On the other hand, compassion also calls for allowing people to freely express themselves. The villagers being serviced by CORD also had the opportunities to learn a variety of skills – whatever they pleased. There was sewing, weaving, and artwork, among many others. The villagers who volunteered to cook could not have been any happier to help prepare the meals. Compassion allows for people to flourish at what they are good at. It is a form of encouragement, meant to help them move forward and learn about themselves and their capabilities.
A working compassion seems to require having a conglomeration of all positive traits – that probably explains why compassionate people are so successful in their endeavors. Dr. Kshama Metre, the founder and director of CORD, is one of the most
compassionate people I have ever met. Kshama Didi (sister), as she is affectionately called by the villagers, was originally a doctor in the United States with an extremely successful practice. Not satisfied with her life, she had a calling to doctor in the rural villages of India, thus leaving her old life behind in the most selfless of actions.
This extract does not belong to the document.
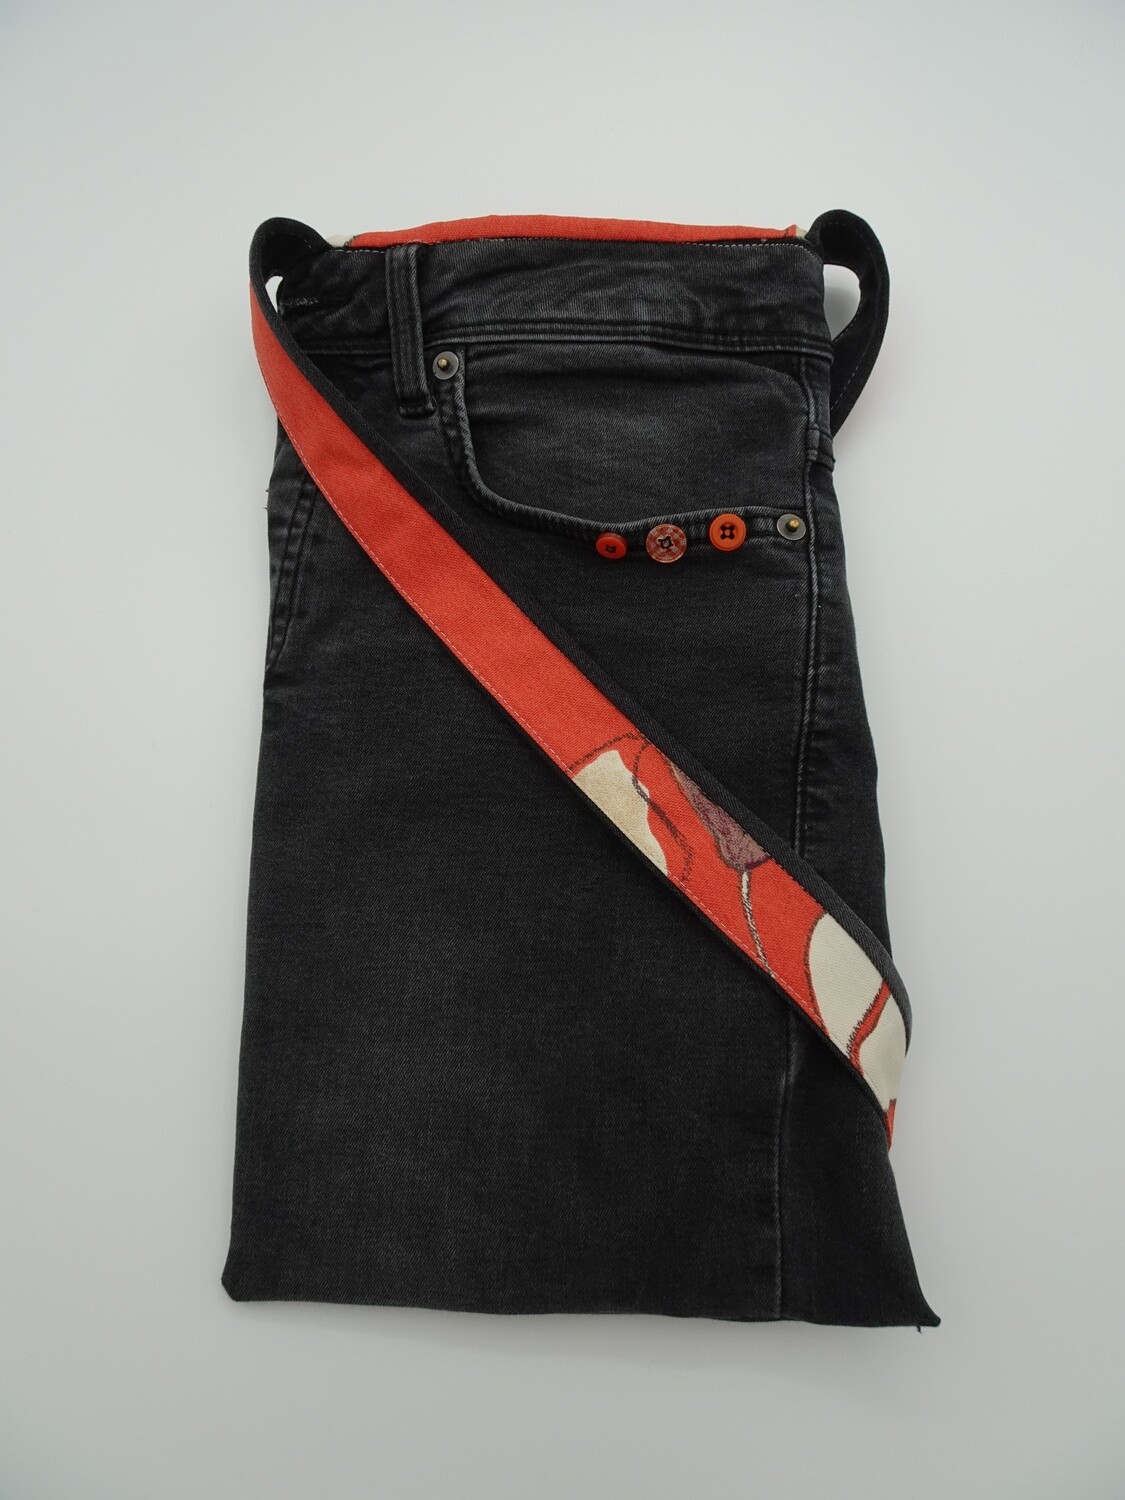 Black Festival Jeans Bag (Orange Buttons)

Sensing the need for change in the area, she opened CORD and designed the entire system which teaches the villagers how to build their own lives; now, people from villages two hours away make a daily commute of two hours in order to go to CORD. A program built so attractively requires a multitude of empathetic conscientiousness of what the people want and need, what they like and dislike. Most of all, an active compassion like that of Kshama Didi’s, requires a passion fueled by pure love.As I continue to blossom and learn in my journey to being the most compassionate being I can be, I keep the people of Sidhbari in mind. This life should be filled with a passion for what I do, being interested in everybody, the ability to communicate, some tough love, being understanding, taking action and being selfless for what I believe in, and mostly importantly, having and sharing love.